> DATASET EXCERPT
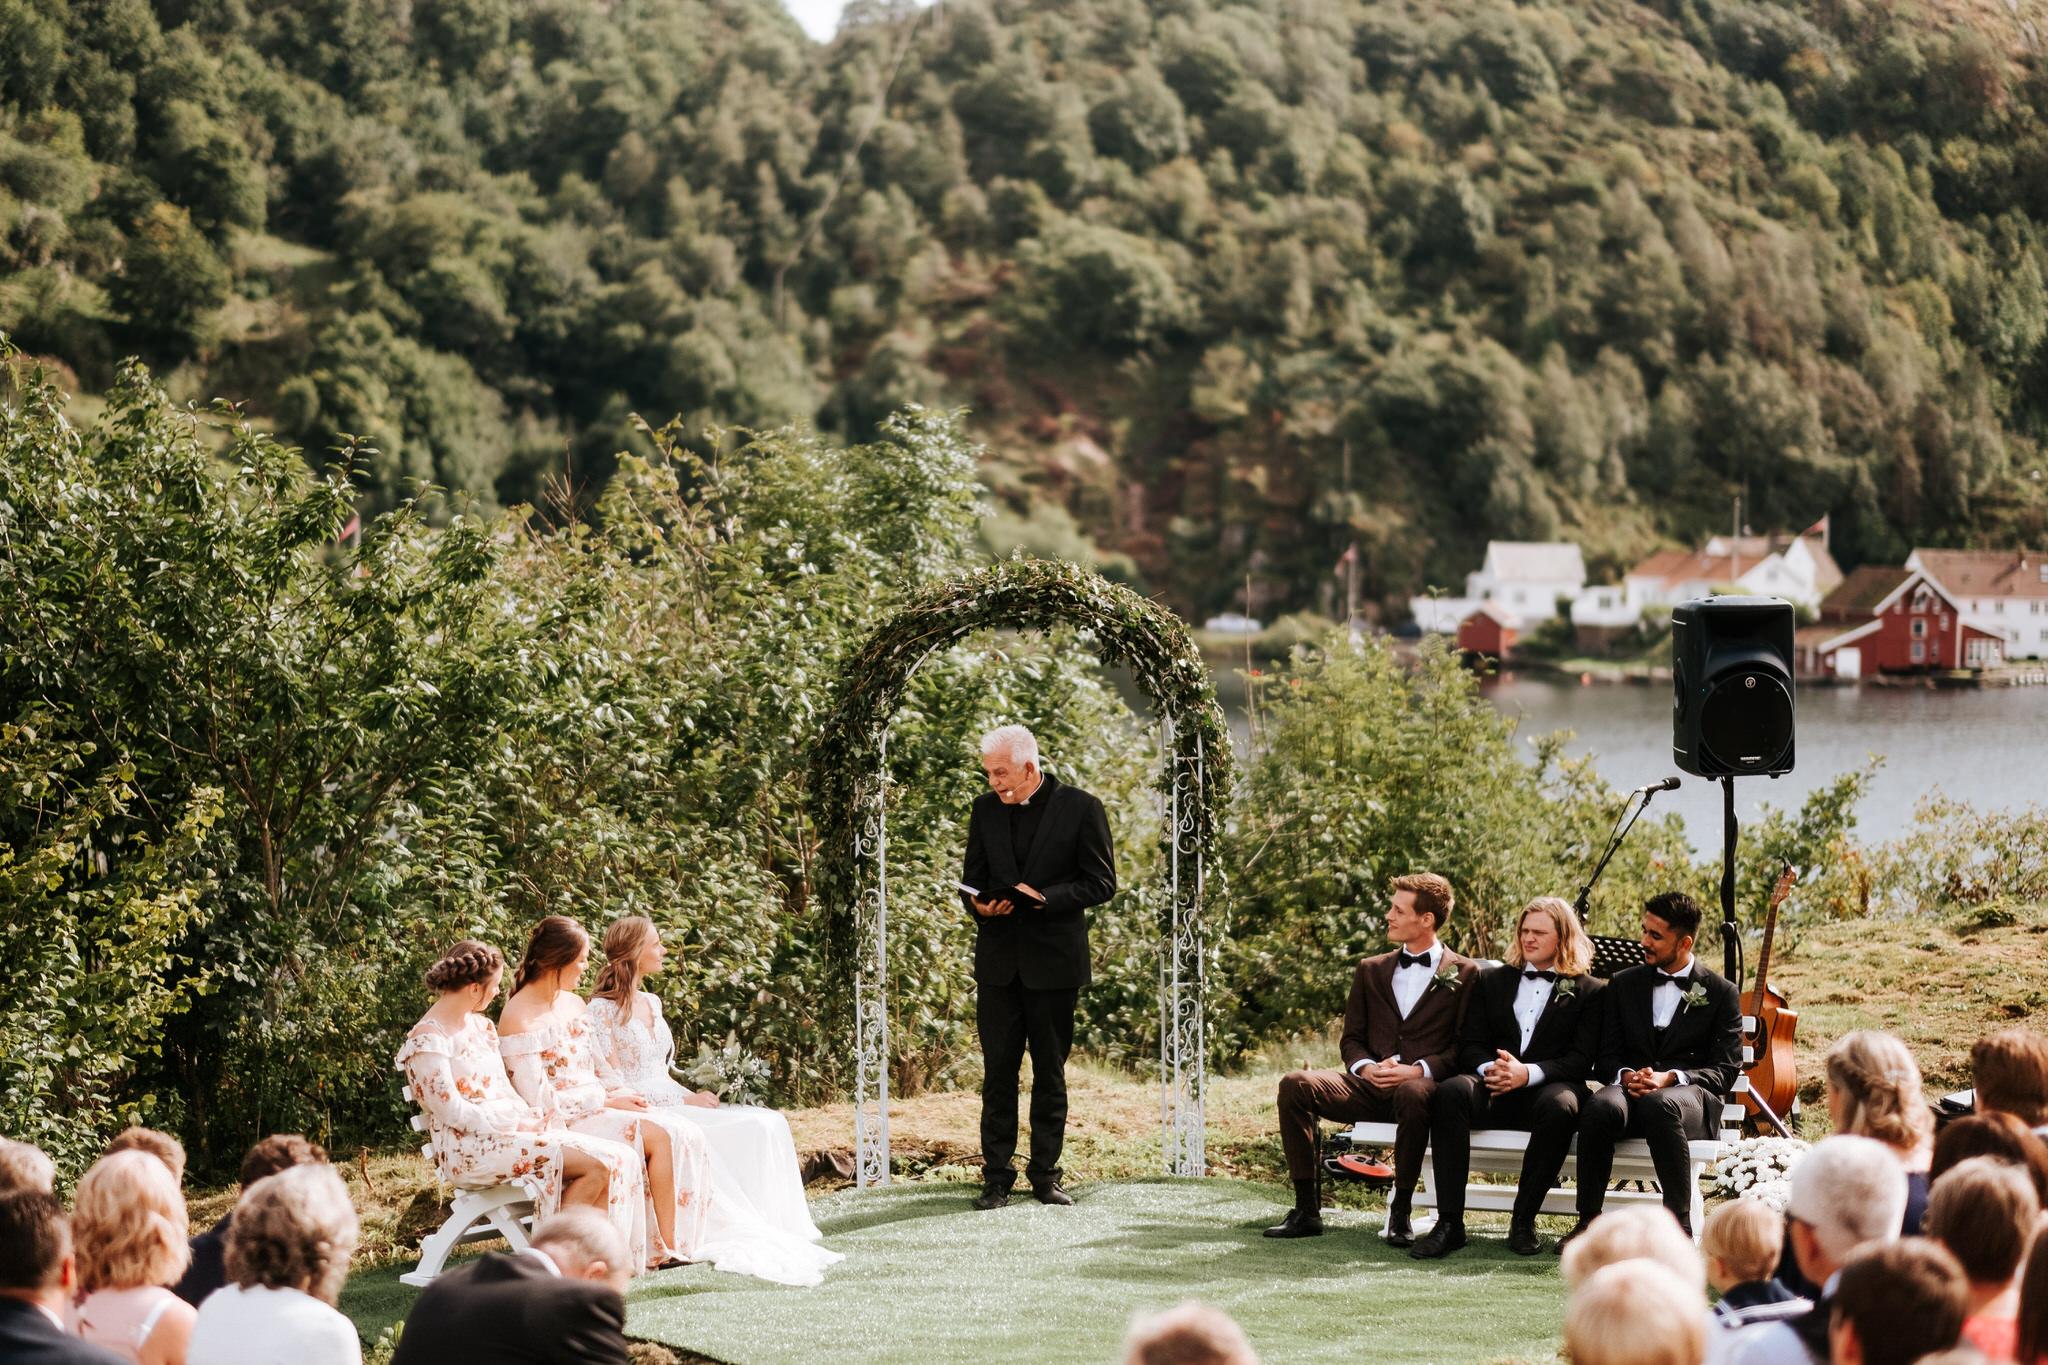 sokndal egersund bryllupsfotograf 015.JPG
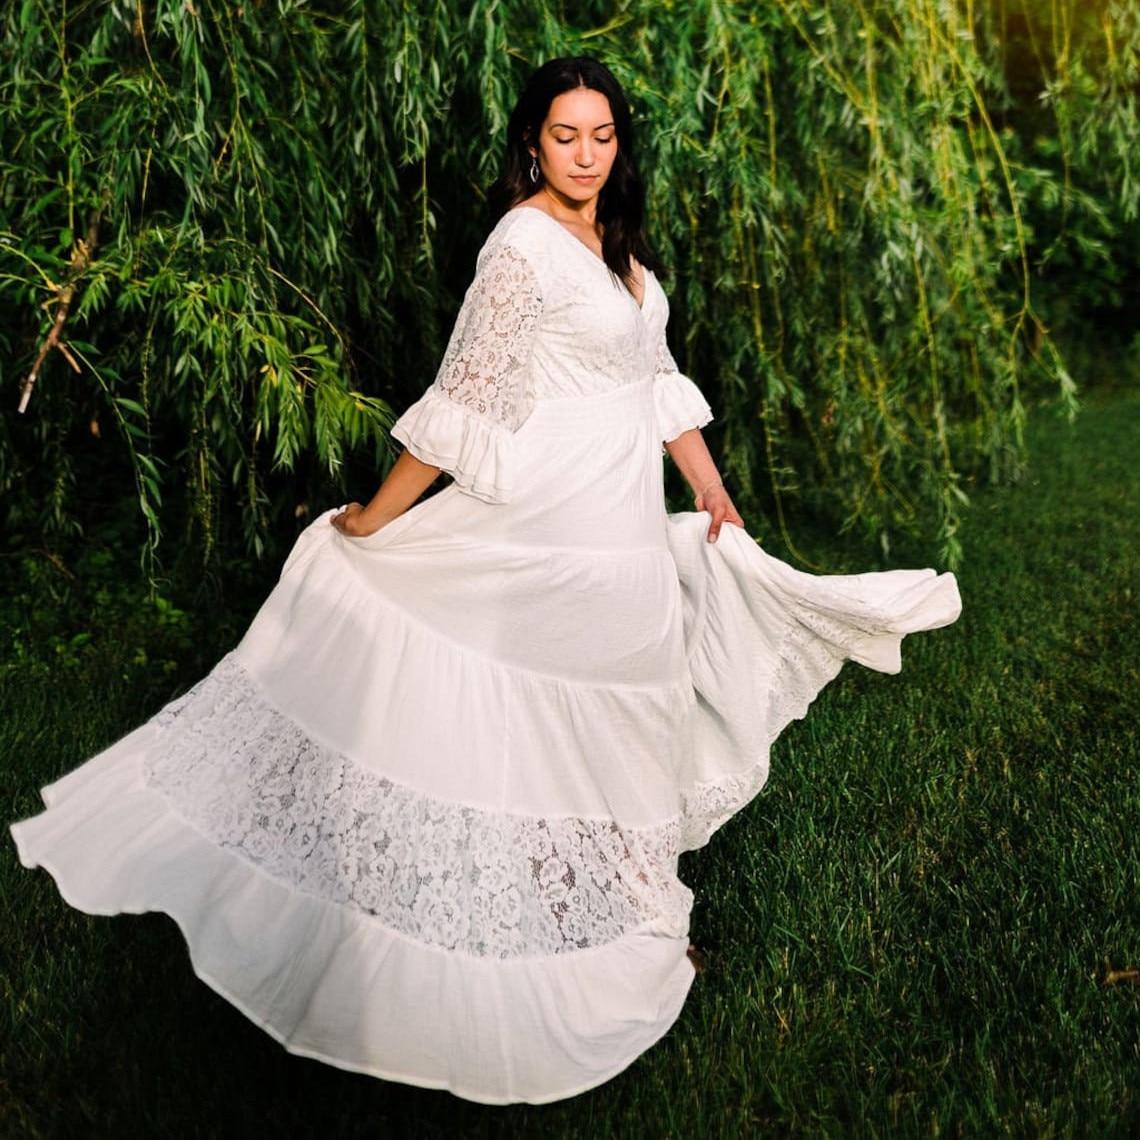 Plus Size Wedding Dresses Bohemian Lace Long Flowy Dress Bride Dress Gypsy Elopement Bridal Gowns Open Back 2021 Robe De Mariee
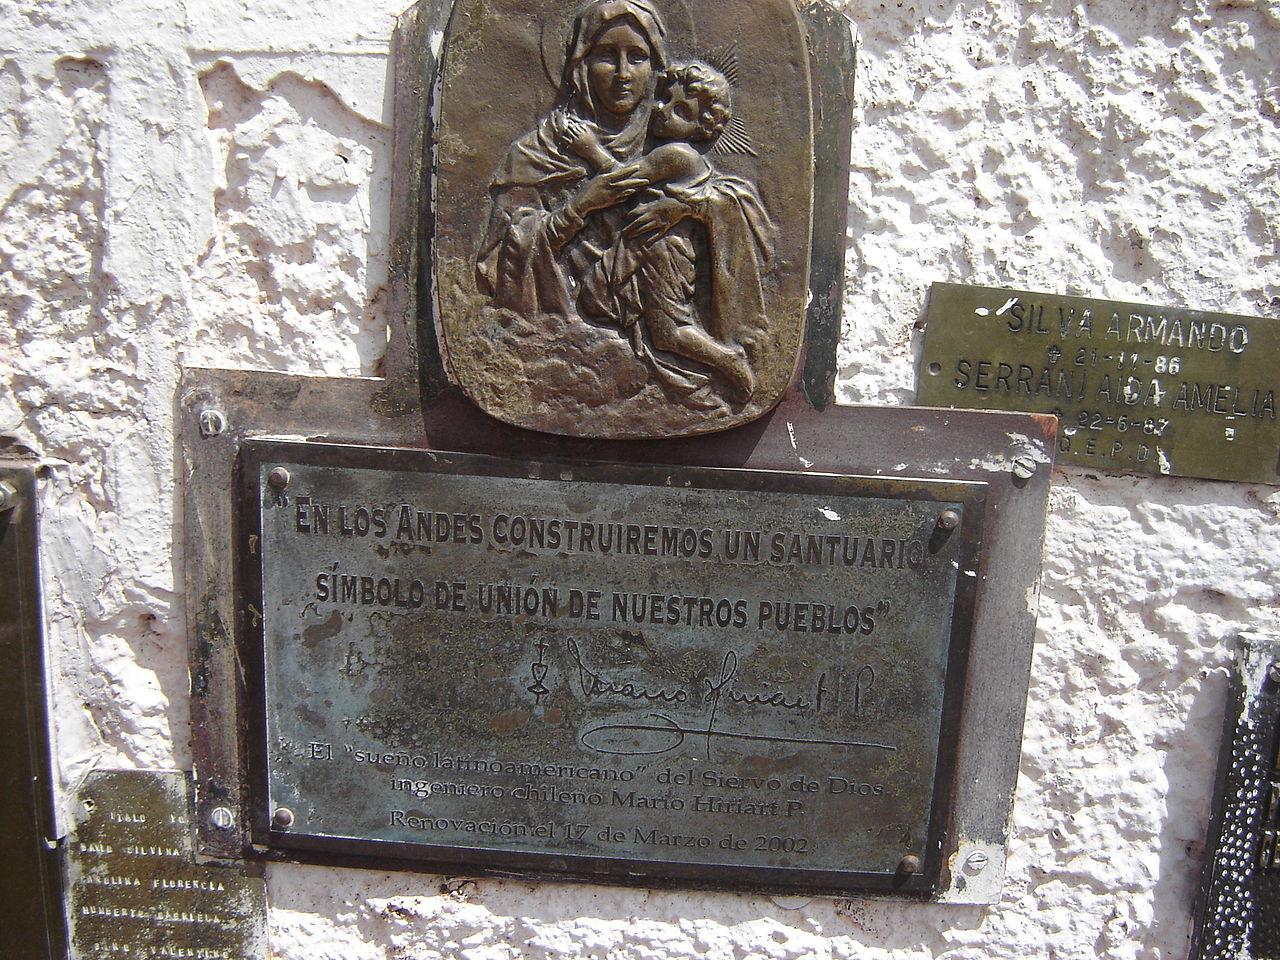 Андский Христос, памятный знак на постаменте

> ACTIVITY
Down to the final line, restate the material above word for word, but omit its pictures.

> THE ANSWER
 sokndal egersund bryllupsfotograf 015.JPG
 Plus Size Wedding Dresses Bohemian Lace Long Flowy Dress Bride Dress Gypsy Elopement Bridal Gowns Open Back 2021 Robe De Mariee
 Андский Христос, памятный знак на постаменте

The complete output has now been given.